Docs

Models
- Sequential
Layers
Optimizers
- Gradient Descent (GD)
- Stochastic Gradient Descent (SGD)
Utility
- Mean Squared Error (mse)
- Binary Cross Entropy (binary_cross_entropy)

Detailed documentation and user guides for TensorFaux. In all honesty, since the API is so similar to TensorFlow Keras, most of the documentation here is copied straight from their docs.

Models #

Sequential #

The sequential model ties all of the layers together under one simple API. While you could hard-code forward and backward propagation using a list of layers (list(Layer)), the Sequential API handles compilation, training and prediction.

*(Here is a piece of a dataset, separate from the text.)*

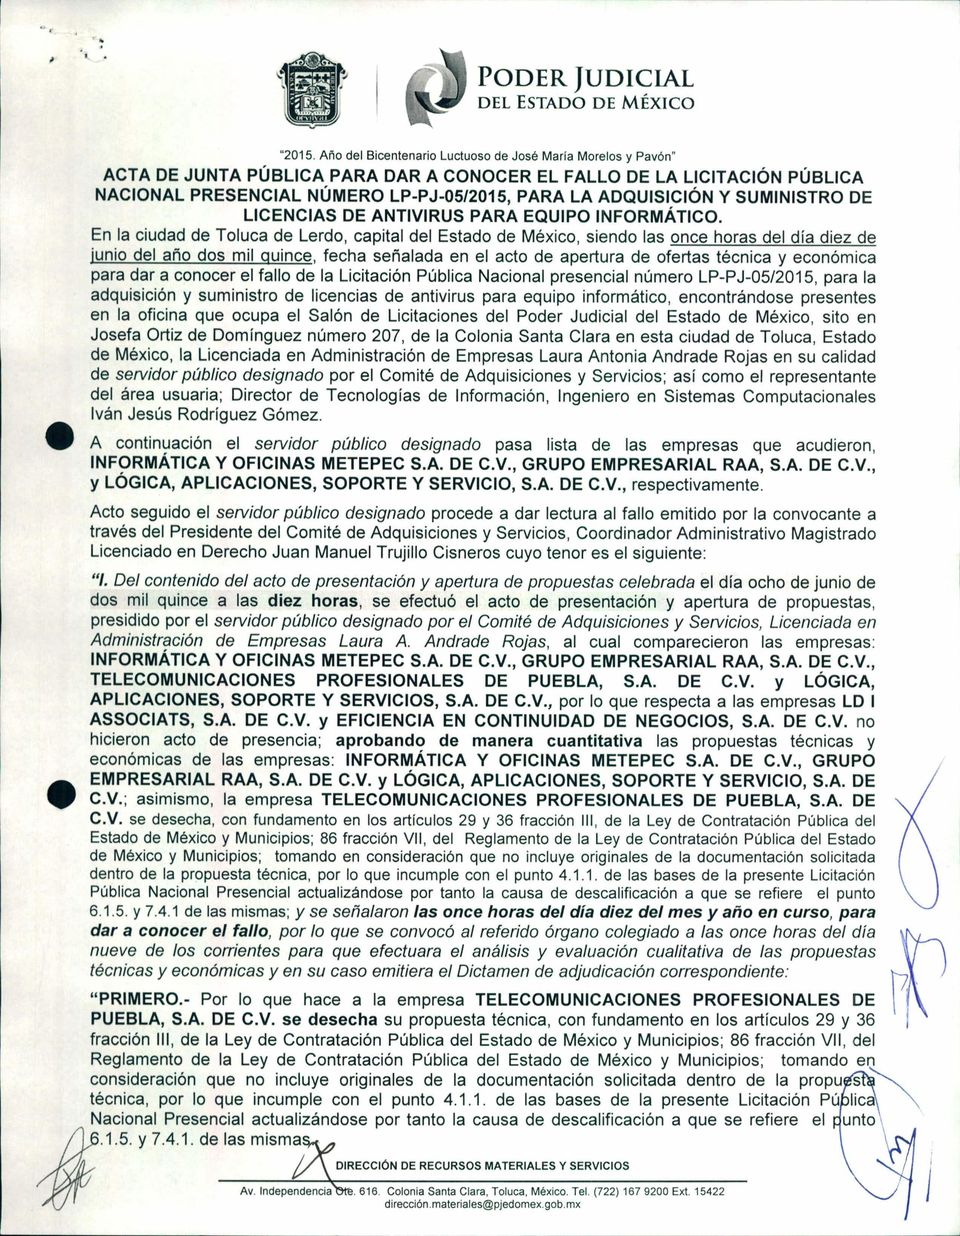 SUMINISTRO DE LICENCIAS DE ANTIVIRUS PARA EQUIPO INFORMÁTICO.

`Sequential(layers=[])`	The constructor takes an optional argument of a list of layers.
`add(layer)`	Adds additional layers on top of the initial list of layers.
`compile(loss, optimizer)`	After adding the necessary layers, defines the loss function and optimizer that will be used for training.
`fit(X, Y, epochs=1, verbose=False, verbose_count=10)`	Takes in the input data and labels for training, along with a few optional arguments: `epochs` is the number of times to perform a forward and backward propagation, `verbose` controls whether or not the running loss value gets outputted to console, and `verbose_count` controls how many loss values get outputted to the console.

Layers #

While the Sequential model holds the API used for training the neural network, the layers are

Layer #

This is the class from which all layers inherit. A layer is a callable object that takes a numpy array and outputs a numpy array. Despite the functional nature of layers, they can also contain a state that can change over time, typically in the form of weights. All layers share two main functions: forward() and backward().

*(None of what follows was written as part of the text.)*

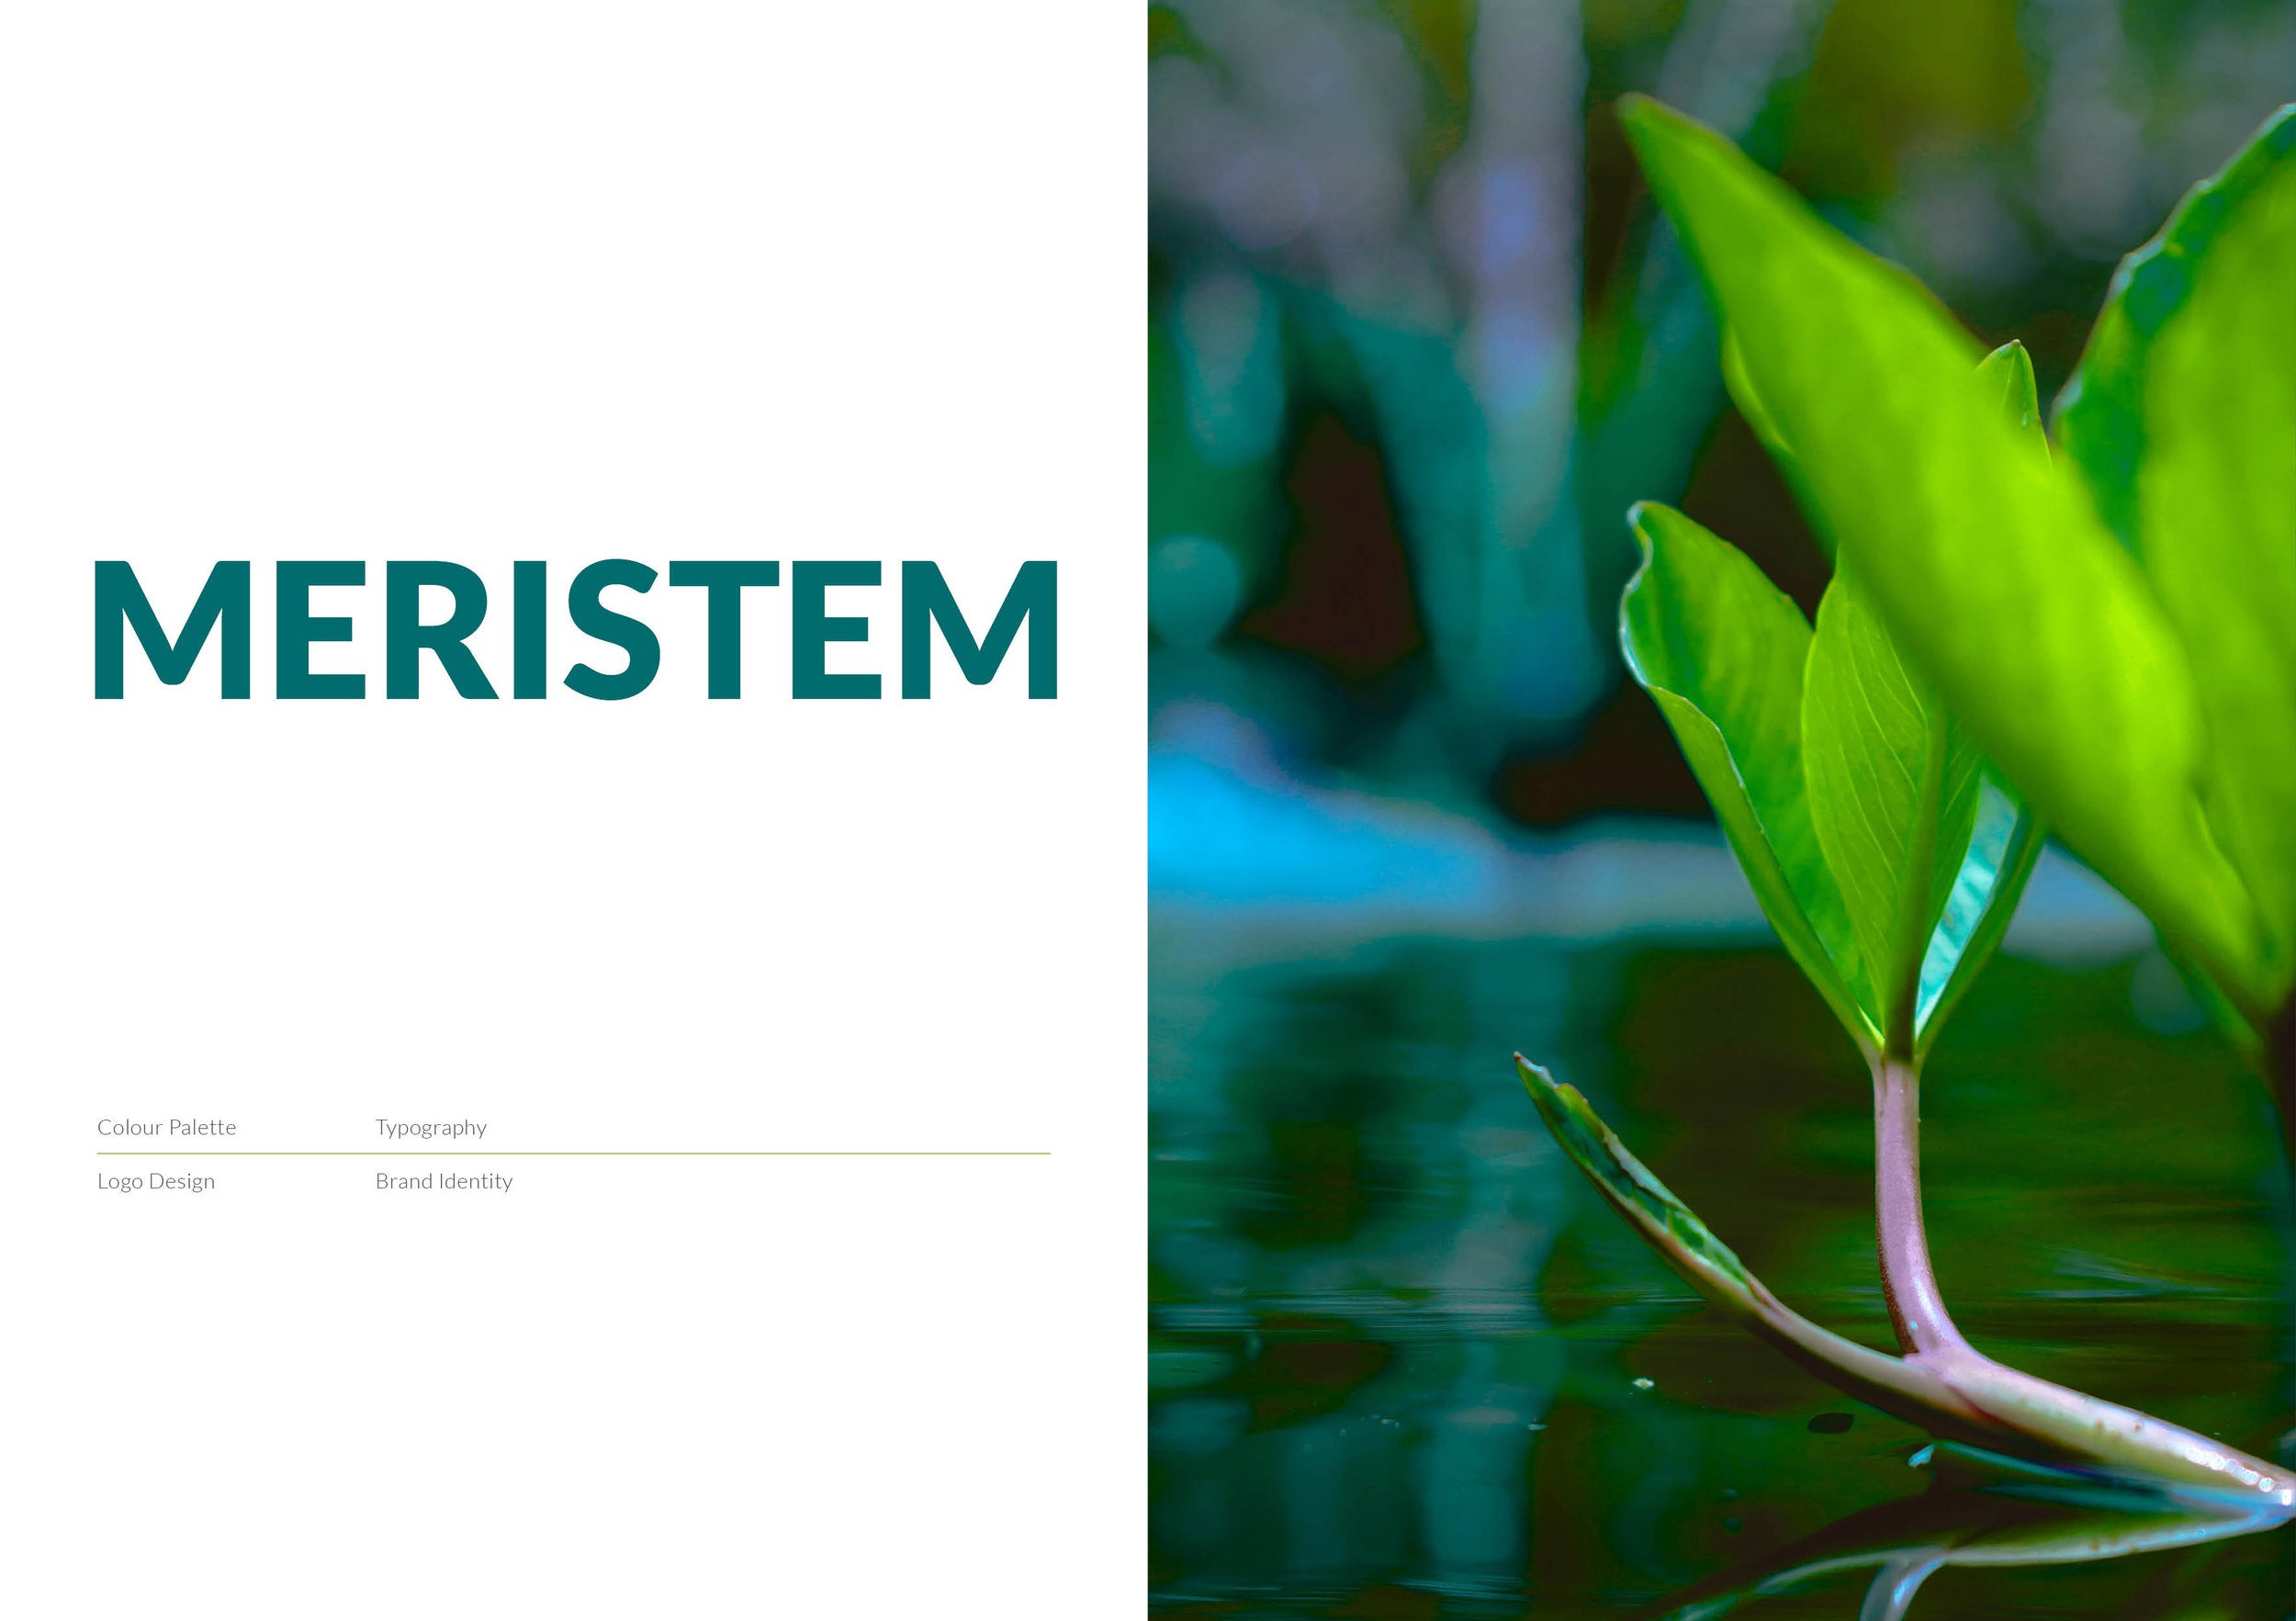 MERISTEM - Brand Identity.jpg

`forward(input)`	Propagating forward to move data from the input layer to the output layer. These involve a variety of mathematical operations that eventually lead to a final output, also known as the prediction.
`backward(output_grad, learning_rate)`	When propagating data backwards, instead of the original data being used directly, an output gradient is computed from the output, which is propagated backwards through layers in a series of gradient calculations.

Dense #

Just your regular densely-connected NN layer. Initializes with random weights. Dense implements the operation: output = dot(input, kernel) + bias where kernel is a weights matrix created by the layer, and bias is a bias vector created by the layer.

Convolutional #

2D convolution layer (e.g. spatial convolution over images). This layer creates a convolution kernel that is convolved with the layer input to produce a tensor of outputs.

Reshape #

Layer that reshapes inputs into the given shape.

Example:

>>> from tensorfaux.layers import Reshape
>>> import numpy as np
>>> data = np.arange(12)
>>> layer = Reshape(input_shape=(12), output_shape=(3,4))
>>> layer.forward(data)
array([[ 0,  1,  2,  3],
       [ 4,  5,  6,  7],
       [ 8,  9, 10, 11]])
>>> layer = Reshape(input_shape=(12), output_shape=(6,2))
>>> layer.forward(data)
array([[ 0,  1],
       [ 2,  3],
       [ 4,  5],
       [ 6,  7],
       [ 8,  9],
       [10, 11]])

Activation #

Applies an activation function to an output. This is the class from which most activation layers inherit.

Hyperbolic Tangent (Tanh) #

Hyperbolic tangent activation function.

Rectified Linear Unit (ReLU) #

Applies the rectified linear unit activation function. With default values, this returns the standard ReLU activation: max(x, 0), the element-wise maximum of 0 and the input tensor.

Sigmoid #

Sigmoid activation function, sigmoid(x) = 1 / (1 + exp(-x)). Applies the sigmoid activation function. For small values (<-5), sigmoid returns a value close to zero, and for large values (>5) the result of the function gets close to 1.

Sigmoid is equivalent to a 2-element Softmax, where the second element is assumed to be zero. The sigmoid function always returns a value between 0 and 1.

Linear #

Linear activation function (pass-through).

Softmax #

Softmax converts a vector of values to a probability distribution. The elements of the output vector are in range (0, 1) and sum to 1. Each vector is handled independently.

Optimizers #

Gradient Descent (GD) #

Classic Gradient descent. The most basic iterative algorithm for finding a local minima.

Stochastic Gradient Descent (SGD) #

An iterative method which acts as a superclass to GD, instead of being constrained to using the full dataset for each pass-through, we can use batch_size (ranging from 1 to the number of inputs) to determine how many points of data are used in each pass. With each epoch, this optimizer will randomly choose inputs to use for forward and backward propagation.

Another argument, momentum, will be added eventually.

Utility #

Mean Squared Error (mse) #

Computes the mean squared error between labels and predictions. In statistics, the mean squared error (MSE) of an estimator (of a procedure for estimating an unobserved quantity) measures the average of the squares of the errors—that is, the average squared difference between the estimated values and the actual value.

Binary Cross Entropy (binary_cross_entropy) #

Computes the cross-entropy loss between true labels and predicted labels. Binary cross entropy is the negative average of the log of corrected predicted probabilities used for classification problems (Wikipedia).